当時のプロ野球界は巨人を保有する読売グループが絶対的な存在でしたが、江川問題などで読売グループと関係が悪化しても(後に和解していますが)、敢然と立ち向かい、社会人野球のプリンスホテル野球部を設立し、有力選手をライオンズに送り込むなどして、チームを強くするためのなりふり構わぬ姿勢を感じます。

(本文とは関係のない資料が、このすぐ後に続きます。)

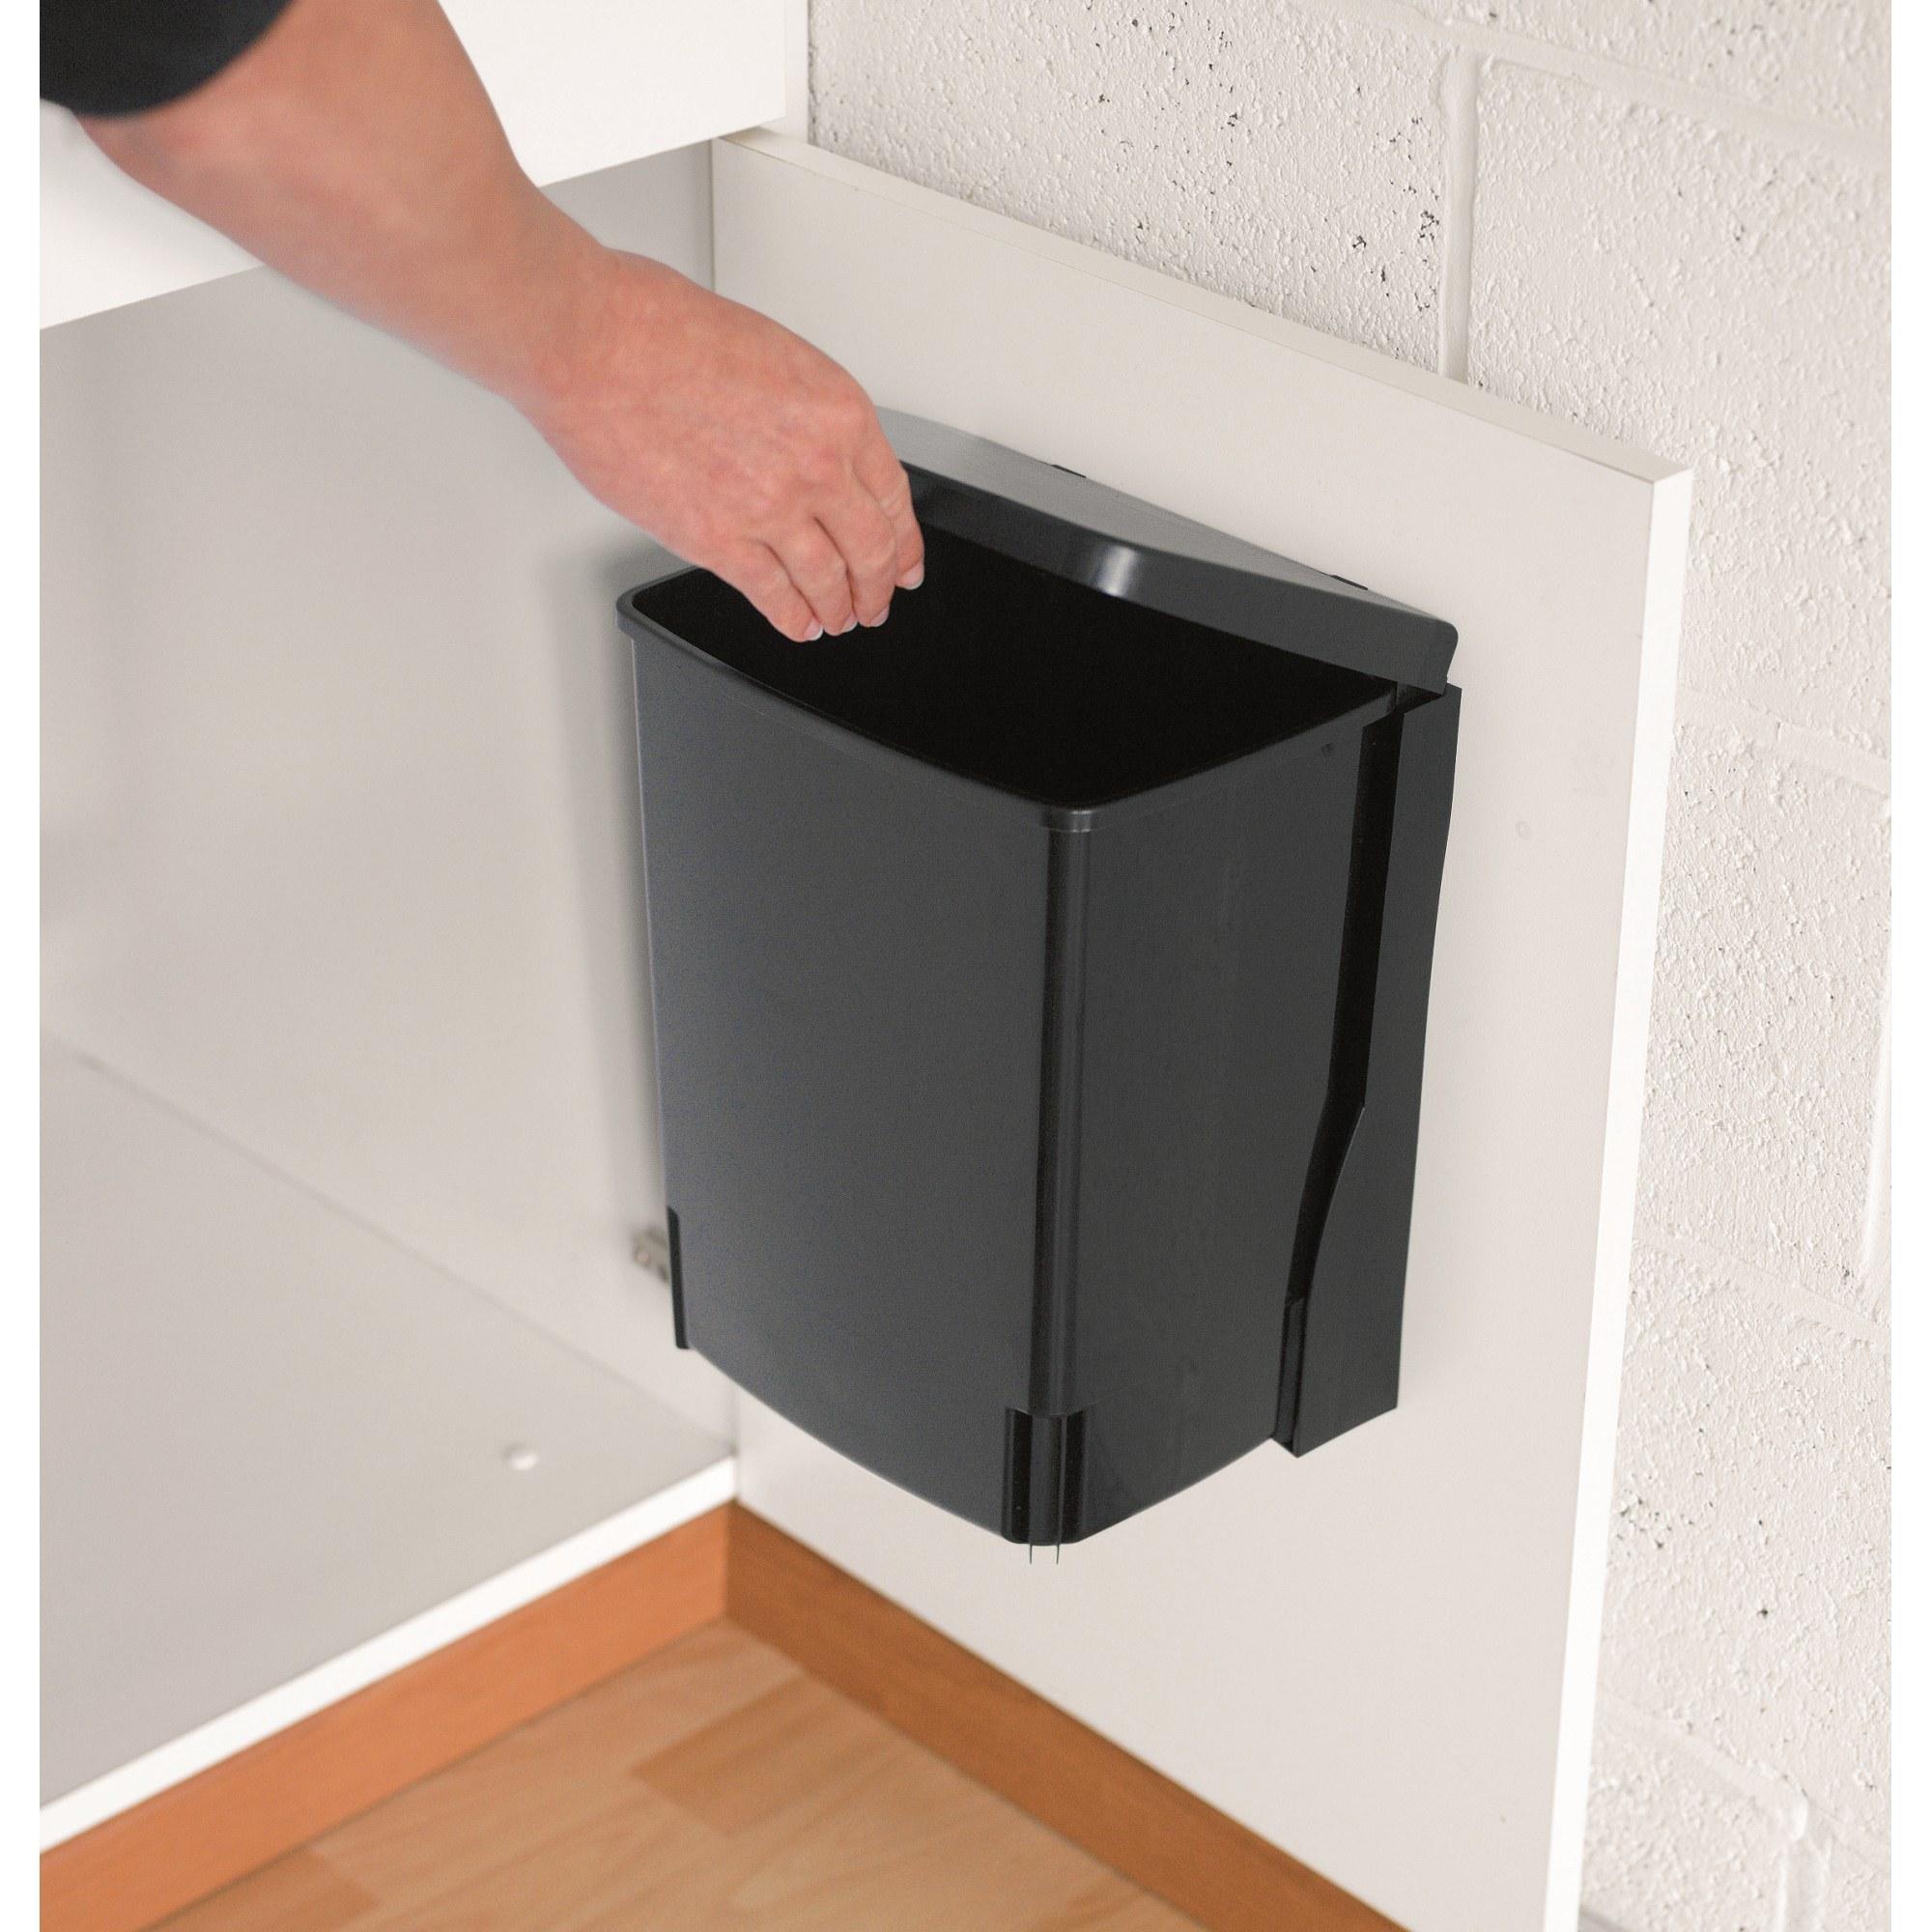 BRABANTIA Einbau-Mülleimer 10 Liter BLACK | eBay

(なお、プリンスホテルは他球団にも人材を多く提供していました。)
ちなみに本書の歴史が1983年までとなっているのは、本来1982年に日本一を達成した時点までとしても良いものですが、このとき倒したのが中日で、「打倒巨人」を掲げる堤オーナーとしては巨人を倒してこそという思いがあり、それを達成した83年までを創世記としたものと思われます。
40年以上前の話ですが、強い組織をつくり、目標に向かってフロント・現場一丸となって戦う方法論は、プロ野球に限らず一般社会においても現在でも通用する内容はたくさんあると思いました。
クイズにまいります。
テーマは「創世記の西武ライオンズ(1978年~1983年)」です。
【問題】
1 1978年オフ、阪神から田淵幸一と古沢憲司をトレードで獲得した際に阪神に放出した選手は、竹之内雅史、若菜嘉晴、竹田和史と誰でしょう?
2 1979年に発表された球団歌『地平を駈ける獅子を見た』の作詞は阿久悠ですが、作曲は誰でしょう?
(歌っていたのは松崎しげる)
3 1979年4月24日、開幕から2引分をはさんで12連敗をストップさせ球団初勝利を挙げたときの勝利投手は誰だったでしょう?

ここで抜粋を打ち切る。